======== SUPPLIED MATERIAL ========

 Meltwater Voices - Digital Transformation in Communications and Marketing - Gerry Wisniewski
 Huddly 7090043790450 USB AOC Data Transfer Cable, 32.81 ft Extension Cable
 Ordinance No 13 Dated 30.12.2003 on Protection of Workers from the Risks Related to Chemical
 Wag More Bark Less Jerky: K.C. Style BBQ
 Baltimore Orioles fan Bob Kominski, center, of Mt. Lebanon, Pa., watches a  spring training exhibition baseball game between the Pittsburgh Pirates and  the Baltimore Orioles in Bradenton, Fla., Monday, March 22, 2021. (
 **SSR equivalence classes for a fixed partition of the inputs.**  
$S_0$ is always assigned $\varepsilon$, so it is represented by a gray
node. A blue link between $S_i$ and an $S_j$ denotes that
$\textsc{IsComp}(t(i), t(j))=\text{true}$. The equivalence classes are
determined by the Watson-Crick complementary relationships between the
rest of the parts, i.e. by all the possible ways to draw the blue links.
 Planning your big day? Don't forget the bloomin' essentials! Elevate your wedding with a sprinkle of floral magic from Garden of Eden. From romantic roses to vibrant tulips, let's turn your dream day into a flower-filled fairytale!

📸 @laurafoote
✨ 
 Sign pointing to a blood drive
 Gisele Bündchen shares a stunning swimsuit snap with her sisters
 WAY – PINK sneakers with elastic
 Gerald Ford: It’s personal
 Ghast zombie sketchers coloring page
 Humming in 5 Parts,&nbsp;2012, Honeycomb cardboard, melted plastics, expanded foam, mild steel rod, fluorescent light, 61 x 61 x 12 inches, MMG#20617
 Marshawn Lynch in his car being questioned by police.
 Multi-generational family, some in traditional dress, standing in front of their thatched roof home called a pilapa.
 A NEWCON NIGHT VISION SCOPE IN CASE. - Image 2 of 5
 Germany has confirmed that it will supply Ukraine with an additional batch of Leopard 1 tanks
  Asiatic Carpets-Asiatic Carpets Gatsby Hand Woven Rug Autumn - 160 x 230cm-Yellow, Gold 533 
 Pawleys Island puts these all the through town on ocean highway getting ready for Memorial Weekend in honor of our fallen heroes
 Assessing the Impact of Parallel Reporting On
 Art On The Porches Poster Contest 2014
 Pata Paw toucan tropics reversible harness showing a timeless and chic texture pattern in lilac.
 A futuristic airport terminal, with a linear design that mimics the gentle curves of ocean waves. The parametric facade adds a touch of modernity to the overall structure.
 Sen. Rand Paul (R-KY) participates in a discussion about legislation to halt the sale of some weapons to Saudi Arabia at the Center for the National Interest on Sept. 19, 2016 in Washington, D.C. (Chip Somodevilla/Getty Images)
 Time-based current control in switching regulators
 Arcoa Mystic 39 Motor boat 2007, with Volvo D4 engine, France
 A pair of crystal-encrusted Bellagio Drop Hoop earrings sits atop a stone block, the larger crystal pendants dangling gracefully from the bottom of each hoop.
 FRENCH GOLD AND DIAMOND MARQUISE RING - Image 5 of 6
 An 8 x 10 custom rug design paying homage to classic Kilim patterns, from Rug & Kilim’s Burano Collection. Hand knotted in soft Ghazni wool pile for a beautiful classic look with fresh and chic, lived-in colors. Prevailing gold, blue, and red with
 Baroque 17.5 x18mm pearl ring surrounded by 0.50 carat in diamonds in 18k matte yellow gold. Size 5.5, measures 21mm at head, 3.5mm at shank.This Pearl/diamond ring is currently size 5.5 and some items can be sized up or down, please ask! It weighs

========

DIRECTIONS:
Where the line holding "Marshawn Lynch in" appears in the listing above, start reproducing exactly, and end with the line holding "A NEWCON NIGHT".

OUTPUT FOR THIS EXERCISE:
 Marshawn Lynch in his car being questioned by police.
 Multi-generational family, some in traditional dress, standing in front of their thatched roof home called a pilapa.
 A NEWCON NIGHT VISION SCOPE IN CASE. - Image 2 of 5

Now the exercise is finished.